# Ghost image using Digital Rebel in Night and remote mode



## htkchen (Aug 14, 2004)

Image1: 
	

	
	
		
		

		
			






Image 2: 
	

	
	
		
		

		
		
	


	





This is just one of those weird photos that I can't explain and wished I knew how to since I would GREATLY love to fix it (if possible). I set my Digital Rebel on a tripod, put it in night mode and 10-sec remote mode so I could also be in the picture. It was shot in front of a restaurant with relatively low lighting.

I have NO idea why some of the faces, especially the girl's and mine (far right) were transparent. Is it because I had such a slow exposure (2 secs shutter speed, about f/4.5 aperture for both pics)? We moved a slight bit but not too much. That's my guess.
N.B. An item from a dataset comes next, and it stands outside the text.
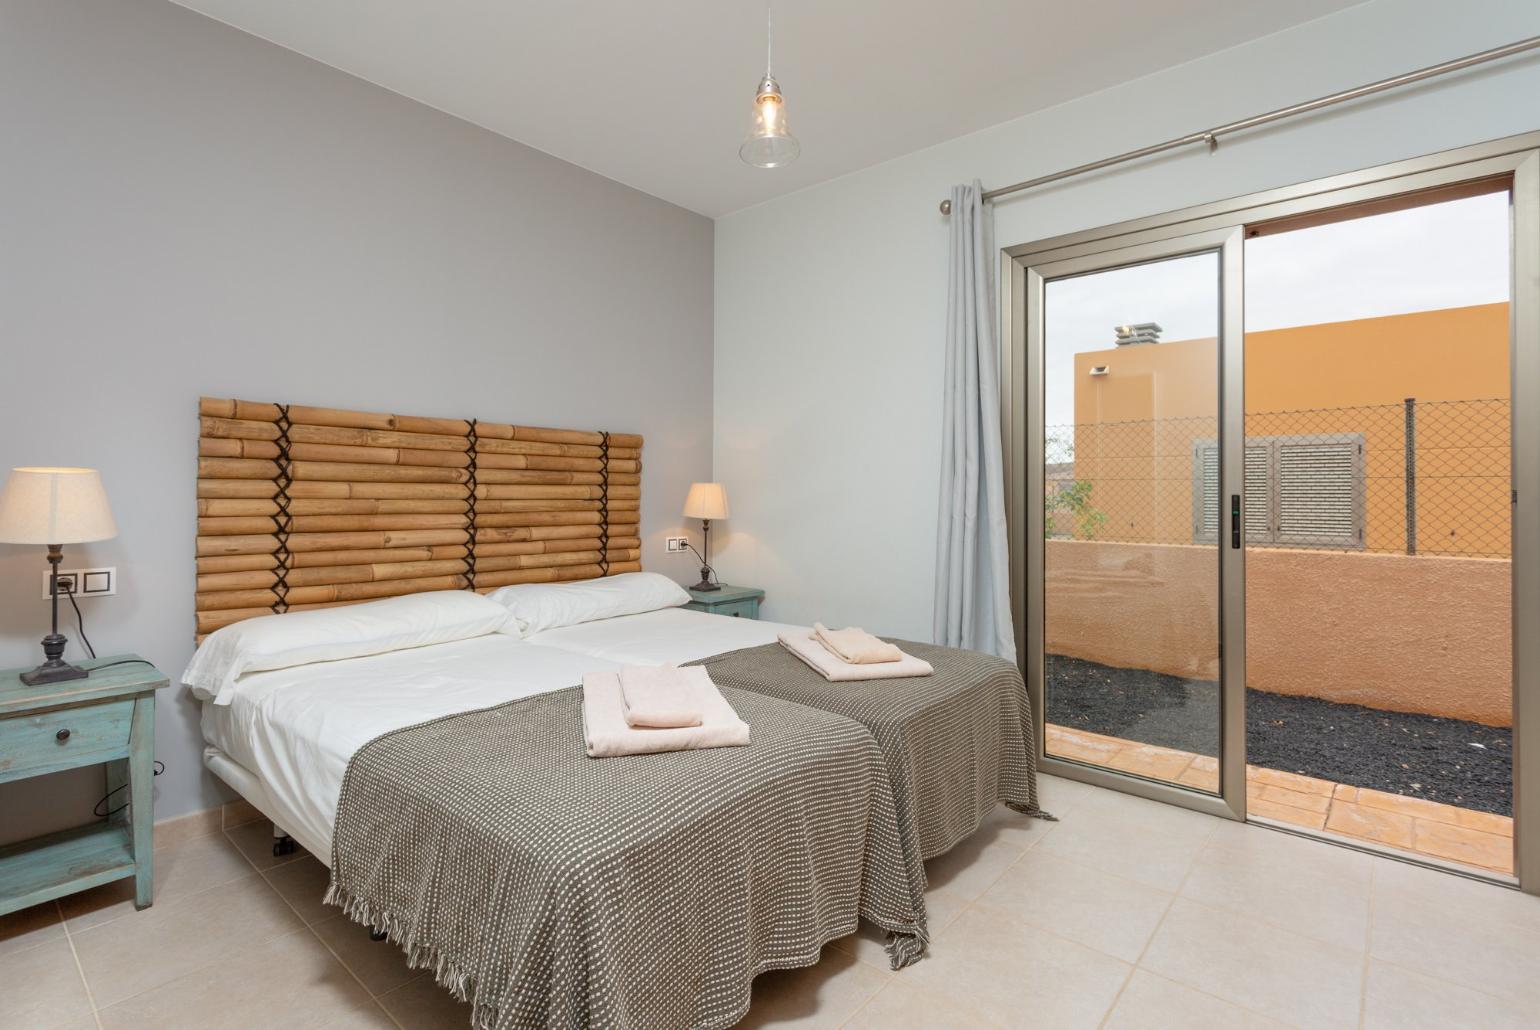 Twin bedroom with pool terrace access
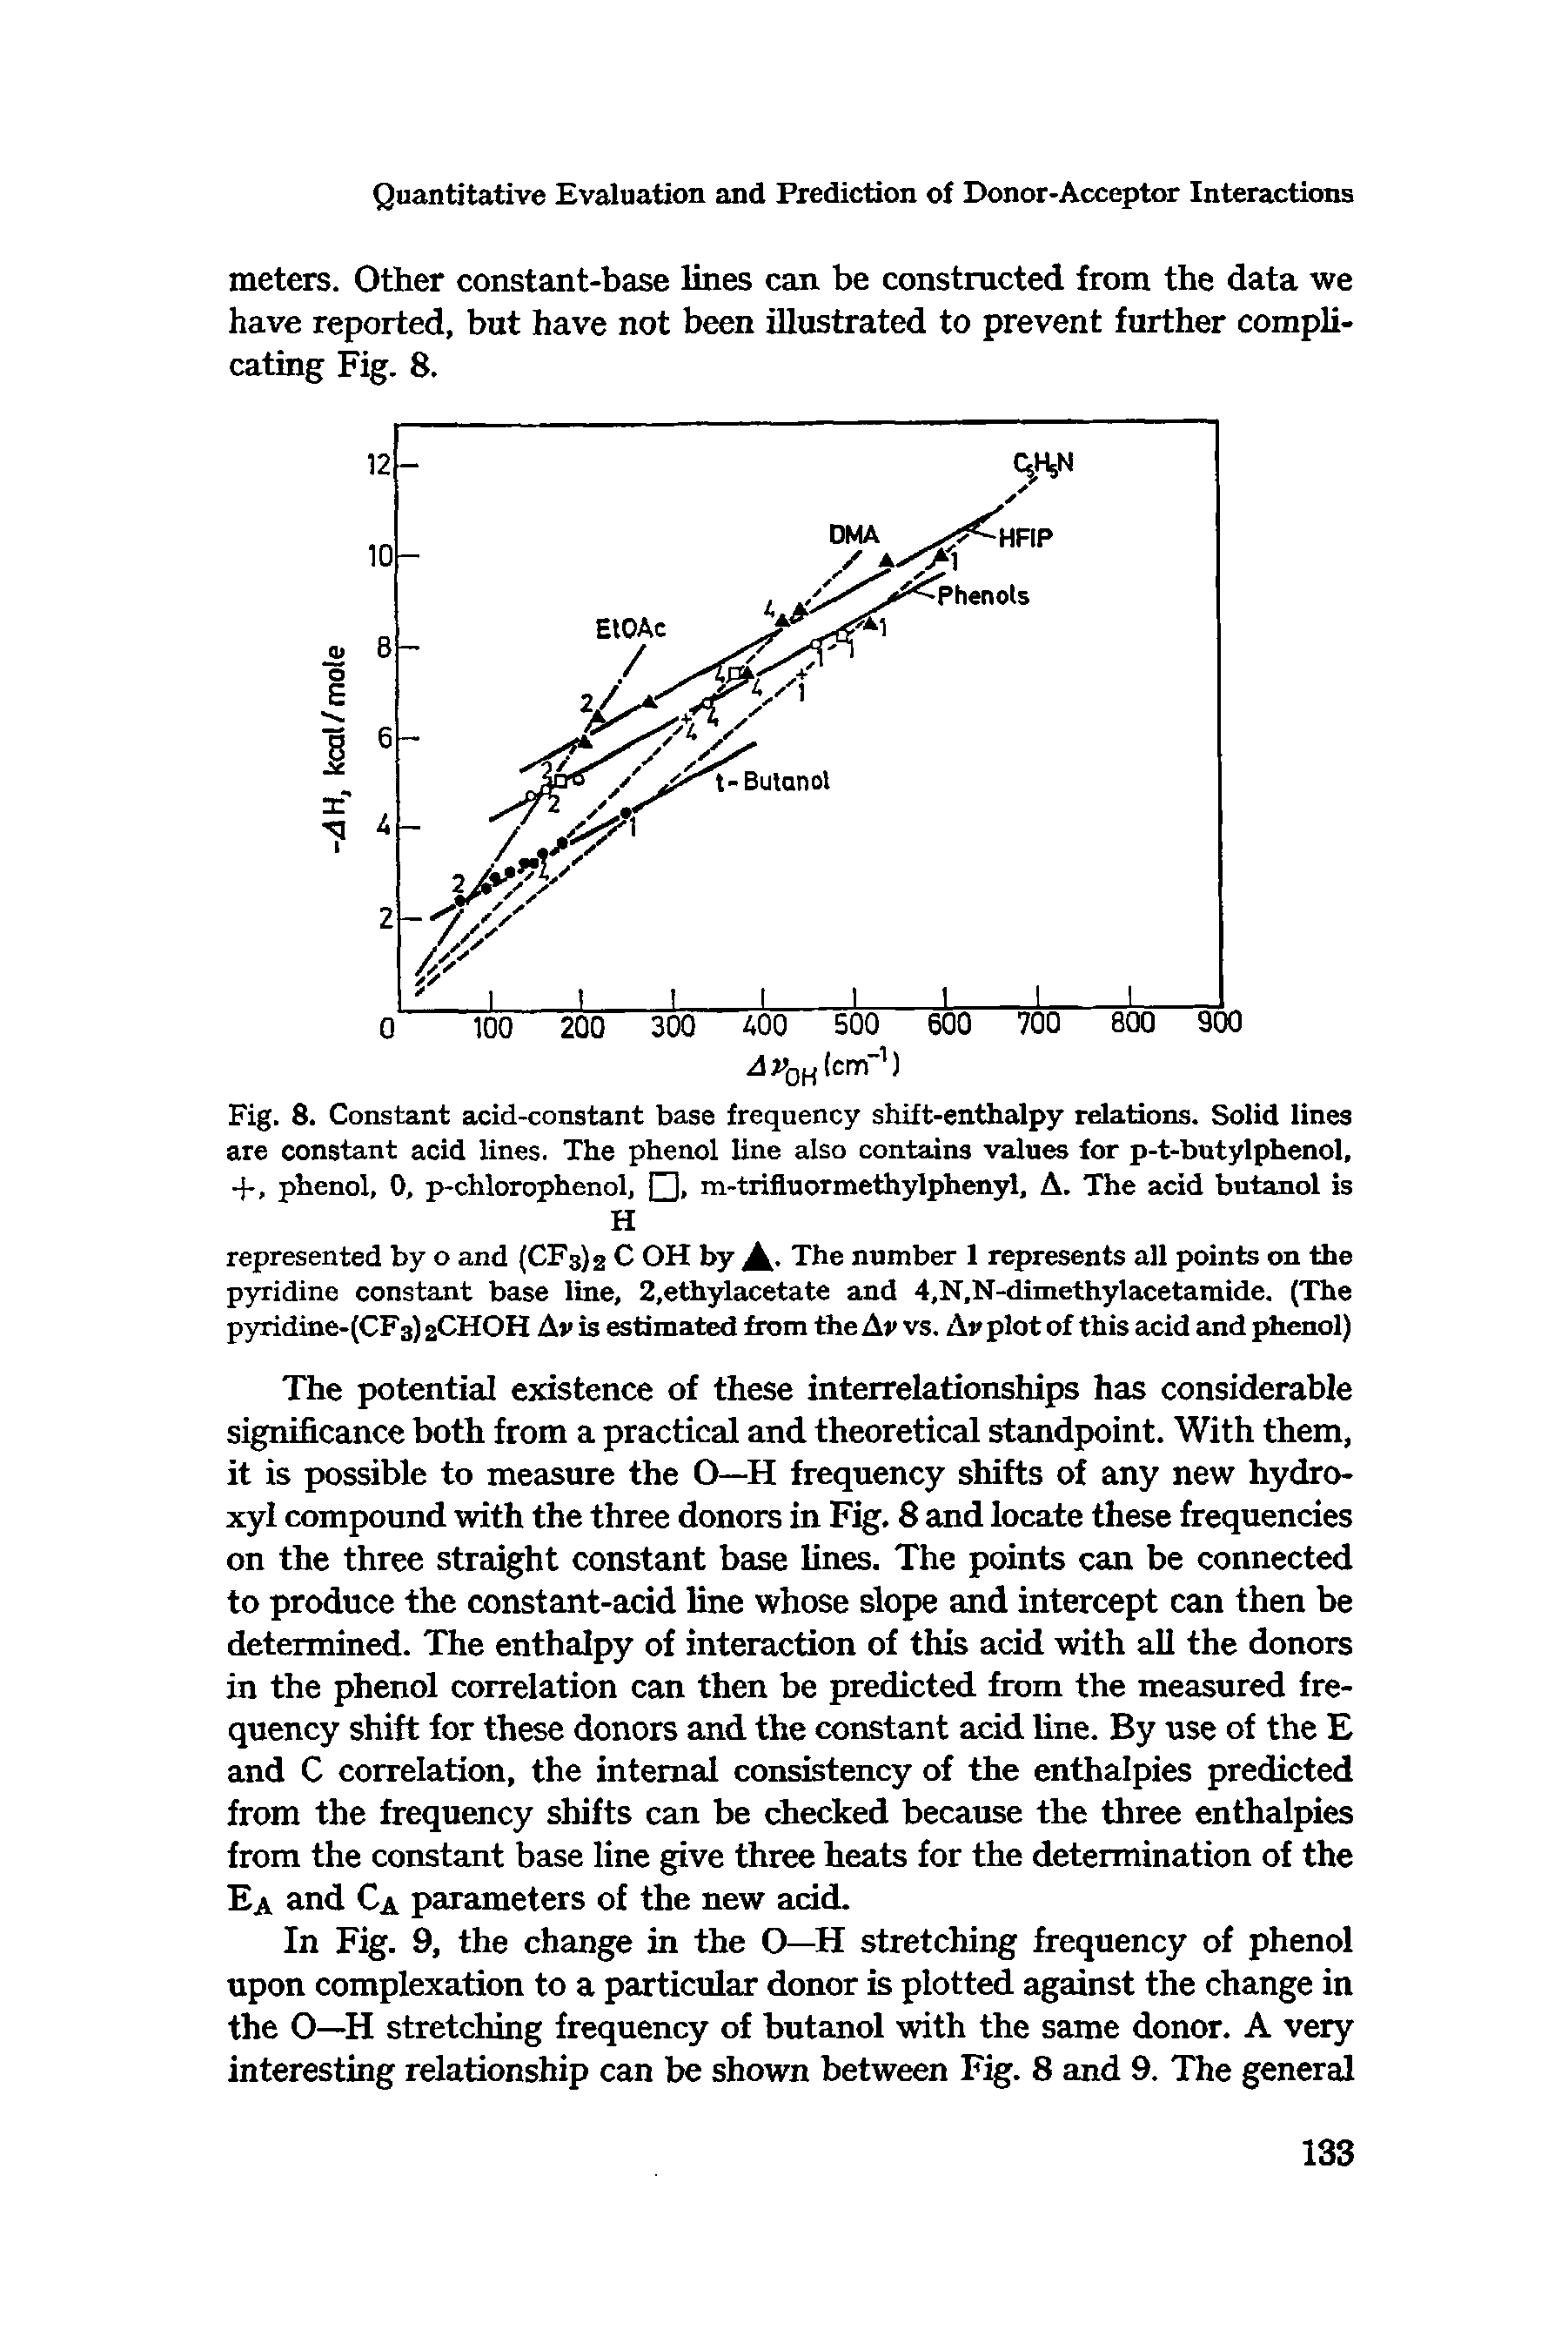 Fig. 8. Constant acid-constant base frequency shift-enthalpy relations. Solid lines are constant acid lines. The phenol line also contains values for p-t-butylphenol, 4-, phenol, 0, p-chlorophenol, , m-trifluormethylphenyl, A. The acid butanol is H...

I hope there's a way to fix this in Photoshop, but it seems it's not possible . Any suggestions or explanations would be gladly appreciated.


----------



## StvShoop (Aug 14, 2004)

yeah, they definitely moved.
like this!




for yours, maybe it was hard to tell exactly when the shutter was opened/closed?
10 seconds is a looooong time to stay still for a photo anyway  for the old guy in the middle, there are apparent double-images, where he stayed in one place for a while, then shifted to a different position for a shorter amount of time

if you can't reshoot, there might be a way to fix it. If it's possible at all, it would be very difficult. try making a new layer (several actually, for different areas of the shot) and masking off the color ranges that are opaque. you can dodge+burn the mask a little to add some more definition to the mask. then try underlaying the masked layer with a color layer (color of skin, etc., whatever matches the masked layer above it), apply the mask from the previous layer to the color layer, and dodge the color layer mask significantly more.
that's me talking out of my ass   i really don't know if it would work, and it would be very hard to do

did you use a flash with this? the lighting has a very unusual and cool effect


----------



## htkchen (Aug 14, 2004)

That sounds rather complicated . I followed you up to the 3rd sentence . Oh the 10 seconds was the remote time, like I hit the shutter button, had 10 seconds to get proper pose, and after the 10 secs, the shot fired. But yeah, I think a lot of us just moved our of our place after the flash went off rather than try to stay still for a good 3-4 seconds. It was my fault, I didn't tell them to stay still. It was my novice photo skills talking. Thanks for your help. I'll still give that photoshop tip a try.


----------



## markc (Aug 17, 2004)

A 2-second exposure will definitely give you that ghosting if people move at all. If it needs to be that long, you are better off using flash and a short shutter speed. Using flash with a long shutter speed with give you a sharp image, but you will still get ghosting effects because the shutter is still open.


----------



## ksmattfish (Aug 17, 2004)

htkchen said:
			
		

> love to fix it (if possible). I set my Digital Rebel on a tripod, put it in night mode



"night mode" is going to cause a long exposure.  Either make sure everyone stands still for 4 sec (check your manual) after the flash, or don't use "night mode".


----------